I would prefer, where possible, to identify narrow solutions to problems like service discovery, registering protocol handlers, etc. If we can find those, it puts the tools back in the hands of developers, à la "innovation at the edge".

+1

[autonome]

This sounds similar to what we're doing in the Local Peer-to-Peer API. With this API you could connect securely to a IPFS gateway running on your LAN.

Fantastic, a great example of the narrow/decoupled approach you described above.

[backkem]

Looks like I didn't fully internalize the scoping of the proposal. My apologies.

A predominant goal would likely be to allow the user agent to validate that the received content matches its content-address, preferably anywhere that content can be fetched by a (content-addressed) URI. The agent would have to:

1. (optional) Resolve the content-address, using IPNS or DNSLink.
2. Extract the content hash from the URI
3. Verify the hash against the fetched content

I guess it would be possible to loosly-couple each step. But each step, especially step 2, would require protocol-specific handling. The protocol-specific logic would have to be shipped with the browser or maybe the registerProtocolHandler could be extended to inject such logic.

[John-LittleBearLabs]

1. (optional) Resolve the content-address, using IPNS or DNSLink.
2. Extract the content hash from the URI
3. Verify the hash against the fetched content

If I may add steps 0 and 4:

Step 0: Have some control over which HTTP(s) endpoints are used for this protocol, and (if discovery is implemented) how additional endpoints are discovered.

Step 4: from the fetched & verified content, determine what additional content (blocks of data identified by their hashes) are necessary, and fetch them too. Once all necessary blocks are loaded, reassemble them into the top-level requested document.

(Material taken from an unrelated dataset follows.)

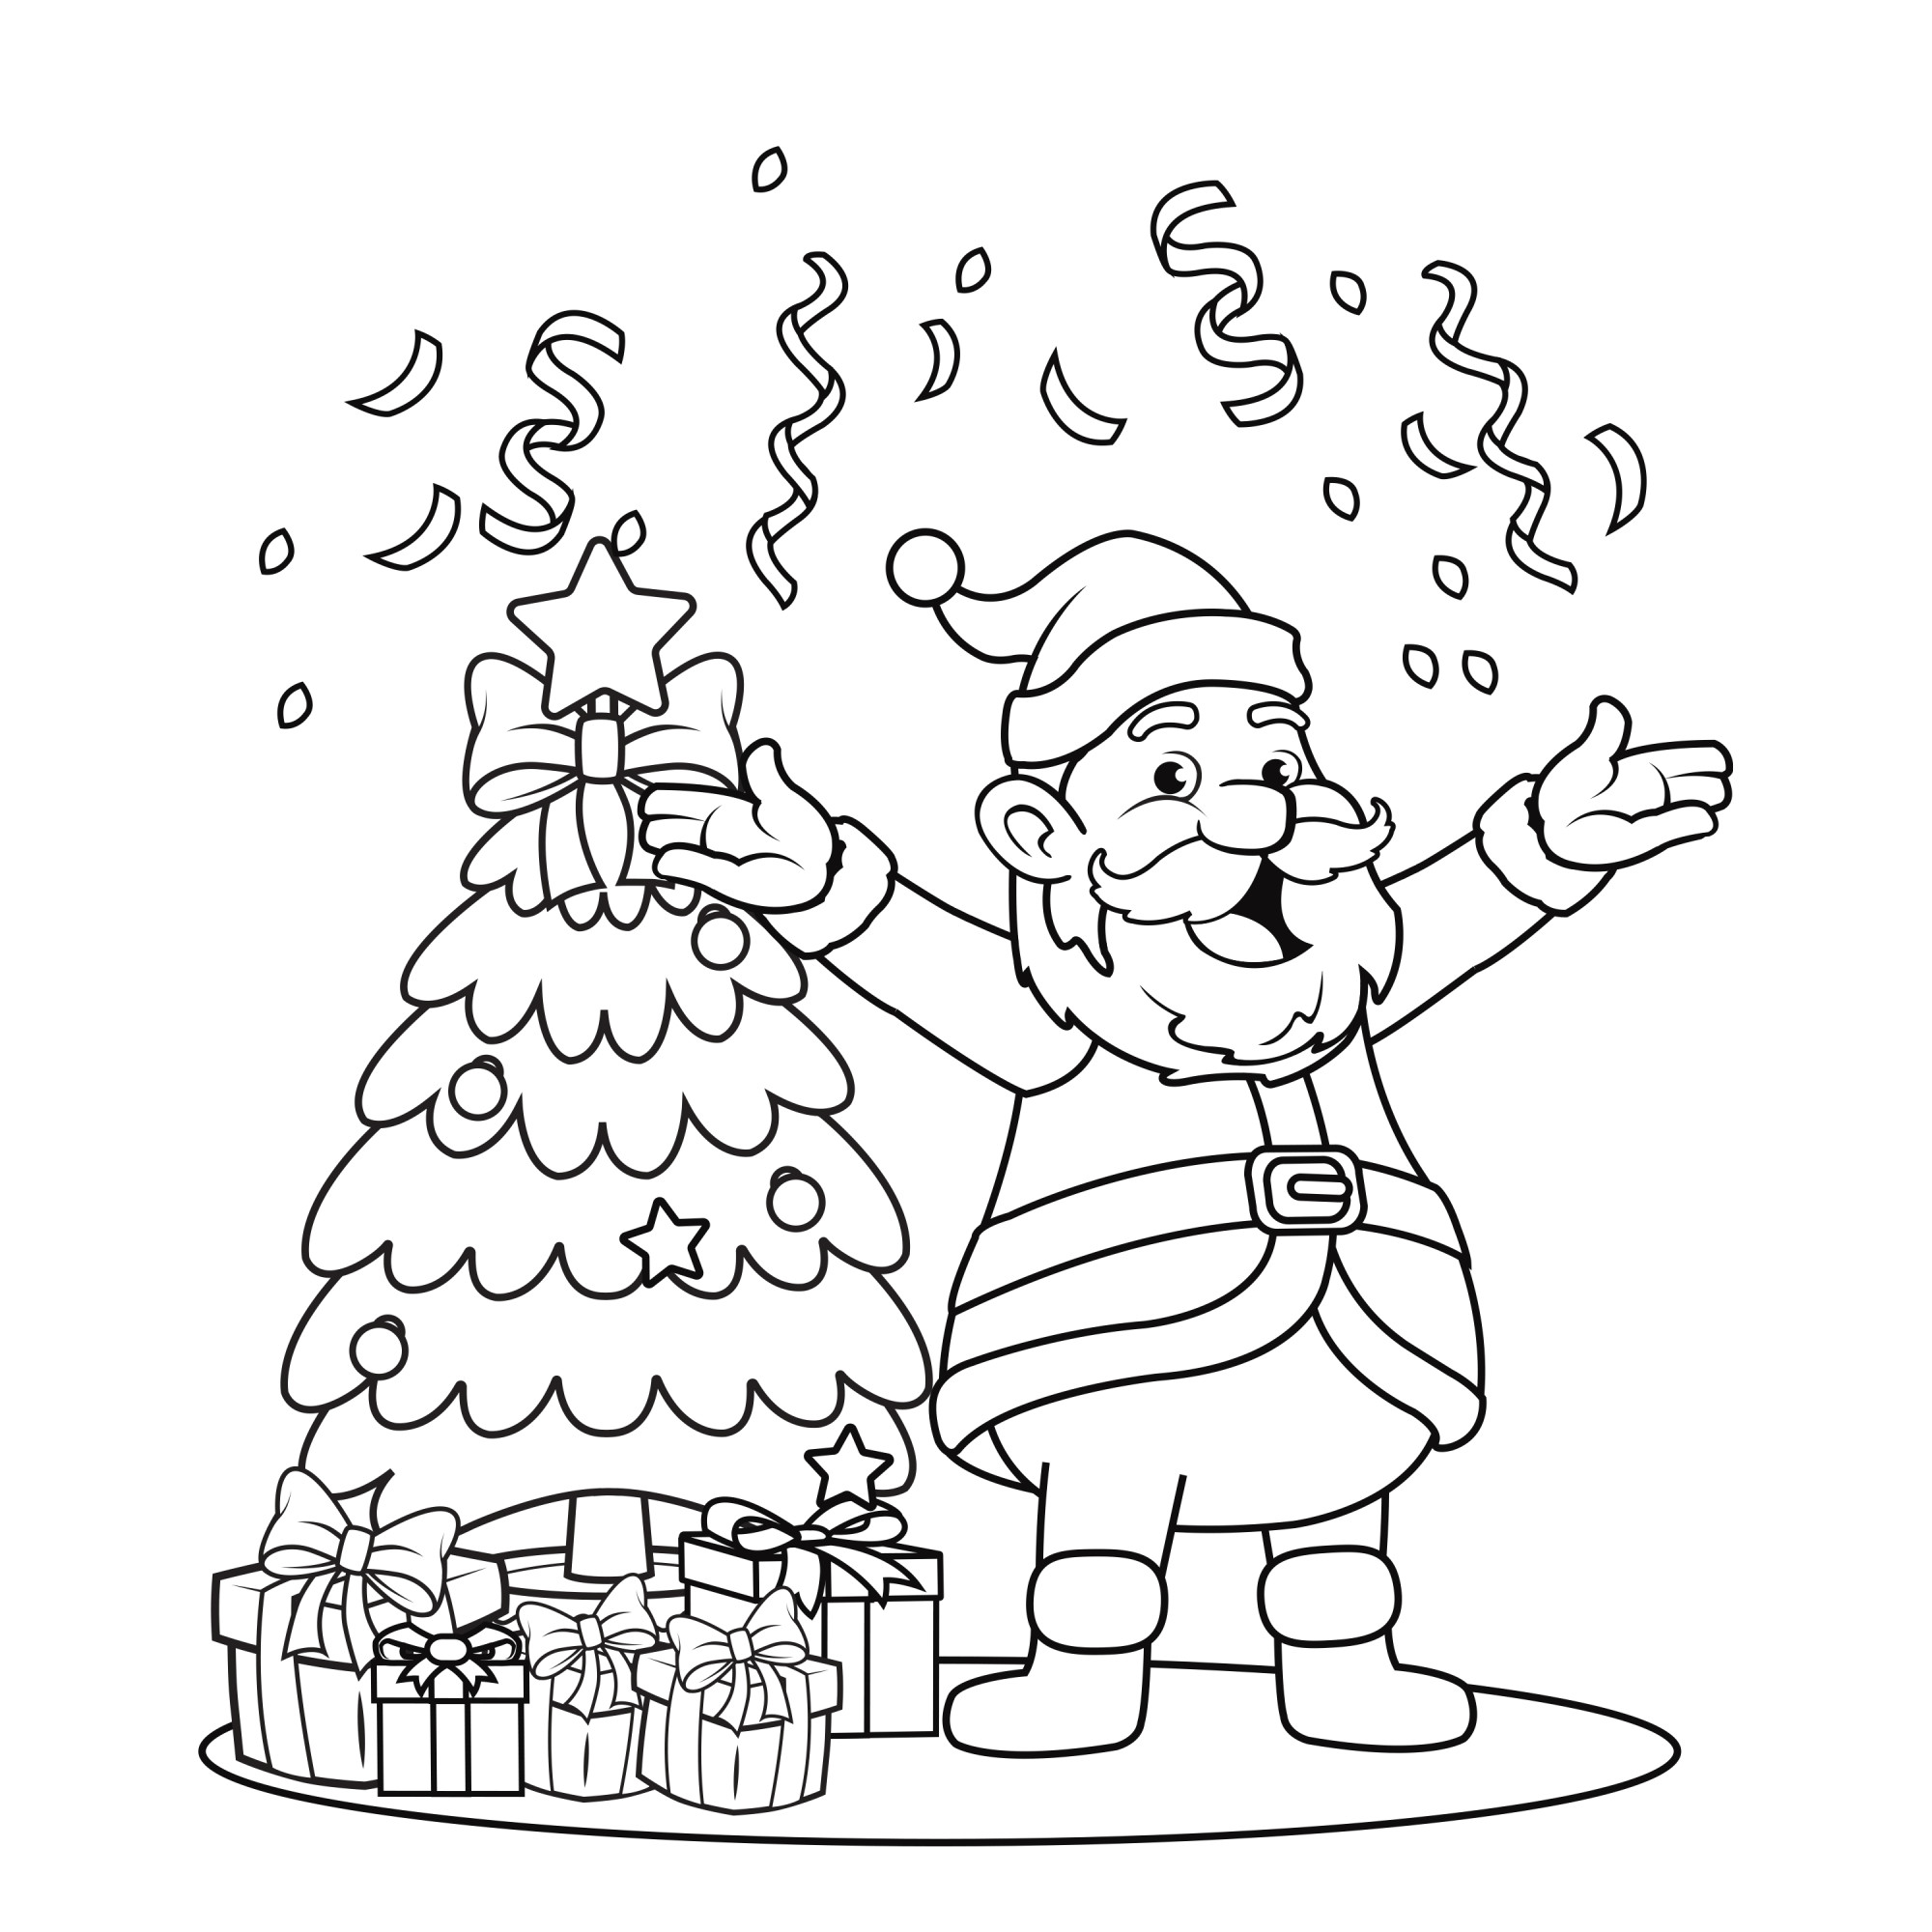 Раскраска для детей: дед мороз стоит у ёлки с подарками
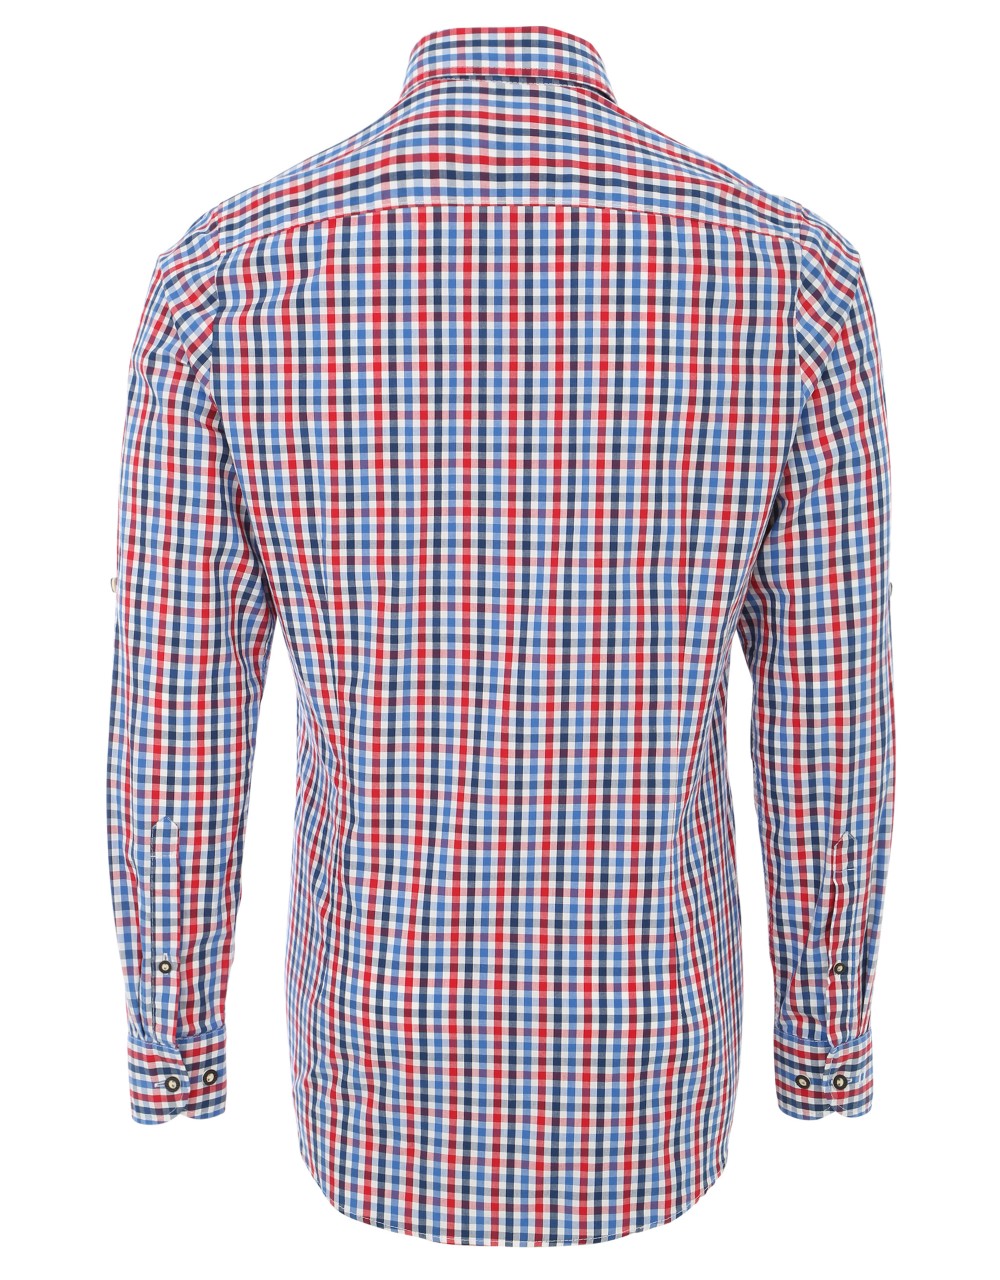 Voorvertoning: Trachten shirt Olymp blauw / rood geruit

I think this is really important to call out, since you brought up registerProtocolHandler which really seems to assume a 1:1 mapping of requests. With IPFS's trustless gateways, how many blocks you get (and which ones) depends on the precise kind of gateway request you're making. You could always insist on downloading every necessary block each time, but there's reasons an implementation might not want to do that.

[backkem]

Thanks for the additional insight John. That does make things more complex.

I was thinking if there is any precedent for intercepting requests and performing actions on them. Service Workers come to mind. Maybe there is a possible combination of the ServiceWorker and registerProtocolHandler concepts. That would allow a lot of flexibility for protocol-specific client-side validation. The question is how this type of ProtocolHandler ServiceWorker would inform the user that validation is performed successfully.

[backkem]

I saw there is an existing discussion about the ServiceWorker-like protocol handlers in ipfs/in-web-browsers#212 .

A potential way that the content verification could be bridged is as follows:

• The ServiceWorker does protocol (IPFS) specific content validation. This can support validating multiple blocks as needed.
• If succeeded, it sets a more generic Content-Digest for the returned content (some existing discussion in IETF draft: Content-Digest and Want-Content-Digest ipfs/in-web-browsers#185).
• The browser adds a visual indication of the Content-Digest validation to inform the user.

While this would be a way to separate the concerns of the protocol and the user agent, it comes with the trade-off of somewhat indirect validation.